Proposed sub-score: reserve_quality_sub_score. Compute as a weighted average of (1 − non-cash-equivalent share) across the top 5 stablecoin issuers, with attestation freshness as a secondary input. Sources: BDO attestations for USDT, Circle's monthly attestations for USDC, comparable for issuers in the top 5. Score penalty rises when aggregate non-cash-equivalent share crosses 20% across the issuer pool.

3. External rating drift

S&P Global, Moody's, and Fitch publish stability and credit ratings on major stablecoin issuers. Drift in these ratings is an early-warning signal independent of TI's own onchain measurements. The S&P stability score was the cleanest external read on USDT's risk drift in 2025.

Proposed sub-score: rating_drift_sub_score. Track quarterly changes in published stability and credit ratings on USDT, USDC, USDP, USDe, and FRAX. Score penalty rises on any downgrade across the issuer pool, with magnitude weighted by the issuer's share of stablecoin market cap.

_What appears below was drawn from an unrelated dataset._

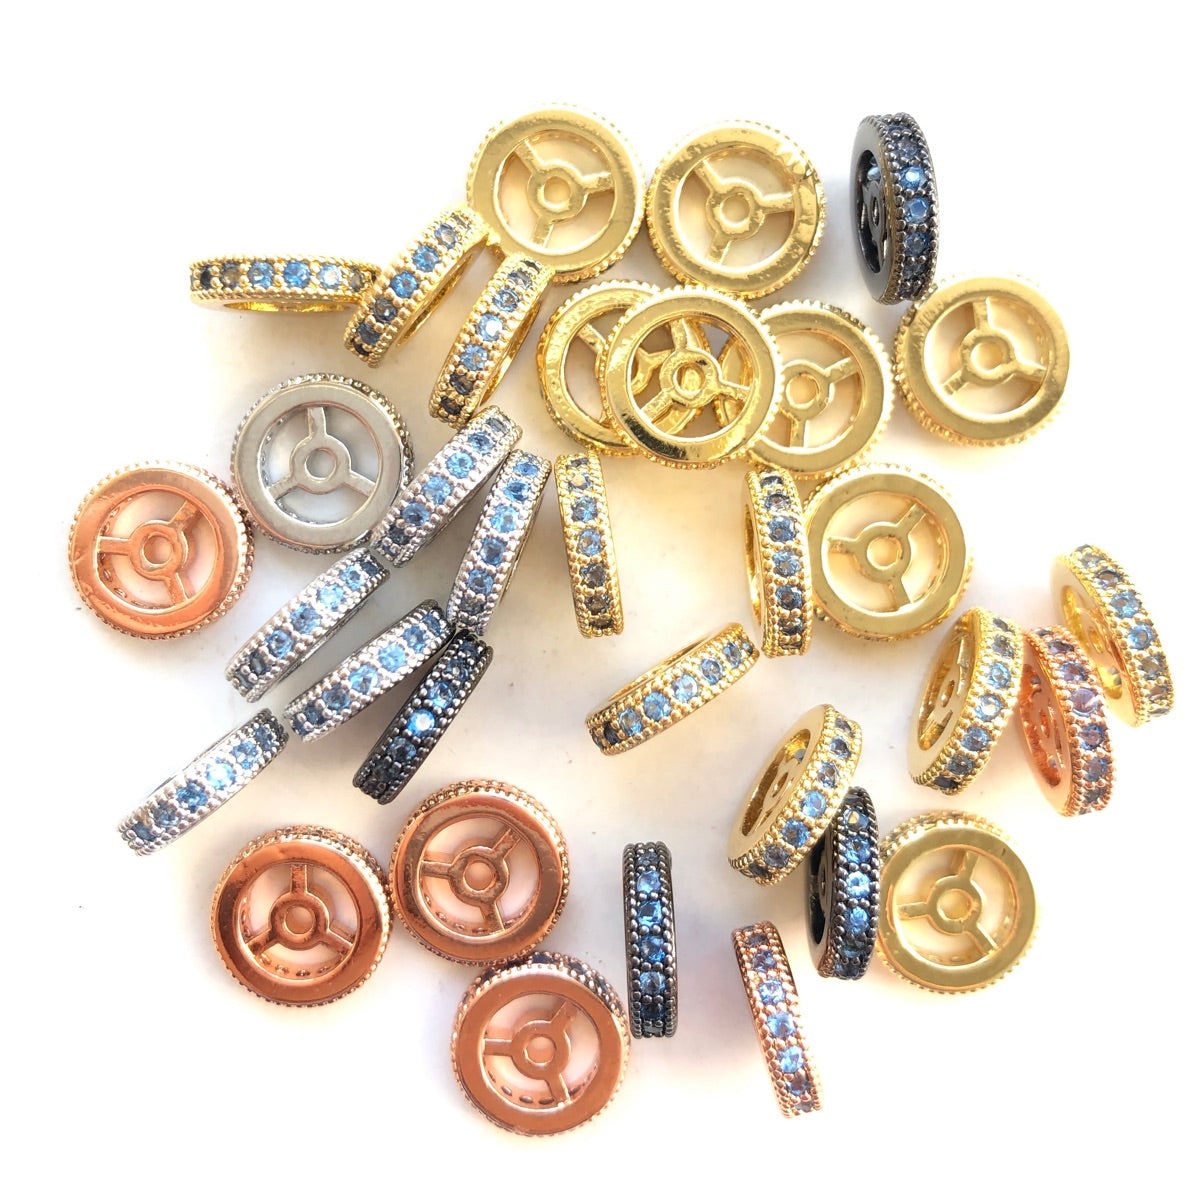 20pcs/lot 9.6/12mm Lake Blue CZ Paved Wheel Rondelle Spacers Mix Colors CZ Paved Spacers New Spacers Arrivals Rondelle Beads Charms Beads Beyond

What this changes about live readings

Today's SLS reads 50 (neutral). With the three proposed additions wired in, the same date would read materially lower:

Composite SLS with these three factors integrated would likely read in the 35 to 42 range rather than 50, reflecting structural risks the current methodology blurs into a single neutral score. The point is not that today's reading is wrong; the point is that a "neutral" composite obscures three distinct concerns the regime classifier should respond to differently.

Open questions

  1. Weighting. The three new sub-scores need calibration against historical regime transitions. Backtest candidates: 2022 USDT redemption stress event, 2023 USDC depeg during the SVB collapse, 2024 PYUSD launch and growth.
  2. Issuer pool scope. Top 5 stablecoin issuers covers ~95% of stablecoin market cap. Adding the long tail (USDD, FDUSD, EURS, stablecoin-as-protocol assets) adds noise. Recommend cap at top 5 with quarterly review.
  3. Rating data sourcing. S&P, Moody's, and Fitch publish stability and credit ratings selectively. Building an automated data pipe requires either a paid feed or a quarterly manual update via the existing refresh-stablecoin-ratings cron pattern.
  4. USA₮ classification. Tether's onshore USA₮ (launched January 27, 2026 under the GENIUS Act framework) is a separate issuer from USDT. Methodology should track it as a distinct entity once supply crosses a $1B threshold.

Next steps

This note is calibration material. Concrete actions for the next two weeks:

  1. Add chain-concentration computation to sync-stablecoin-liquidity using DefiLlama's per-chain stablecoin breakdown. Wire as chain_sub_score v2.
  2. Build a one-shot reserve-quality data pull from BDO's quarterly Tether attestation and Circle's monthly attestation; cache in Supabase as stablecoin_reserve_quality. Wire as a new sub-score.
  3. Defer the rating-drift sub-score until quarterly manual data sourcing is set up. The signal is real but the data acquisition cost is non-trivial.
  4. Backtest the proposed composite against the 2022 USDT and 2023 USDC stress events before promoting to the live regime classifier.
Signals not noise. Fundamentals not narrative.
Methodology note for internal calibration. Public version posted as a transparency artifact. Reserve data sourced from issuer attestations as cited above. S&P stability scores are public ratings from S&P Global. This document does not constitute investment advice. The proposed methodology changes have not yet been wired into the live regime classifier; backtest validation is a precondition for promotion.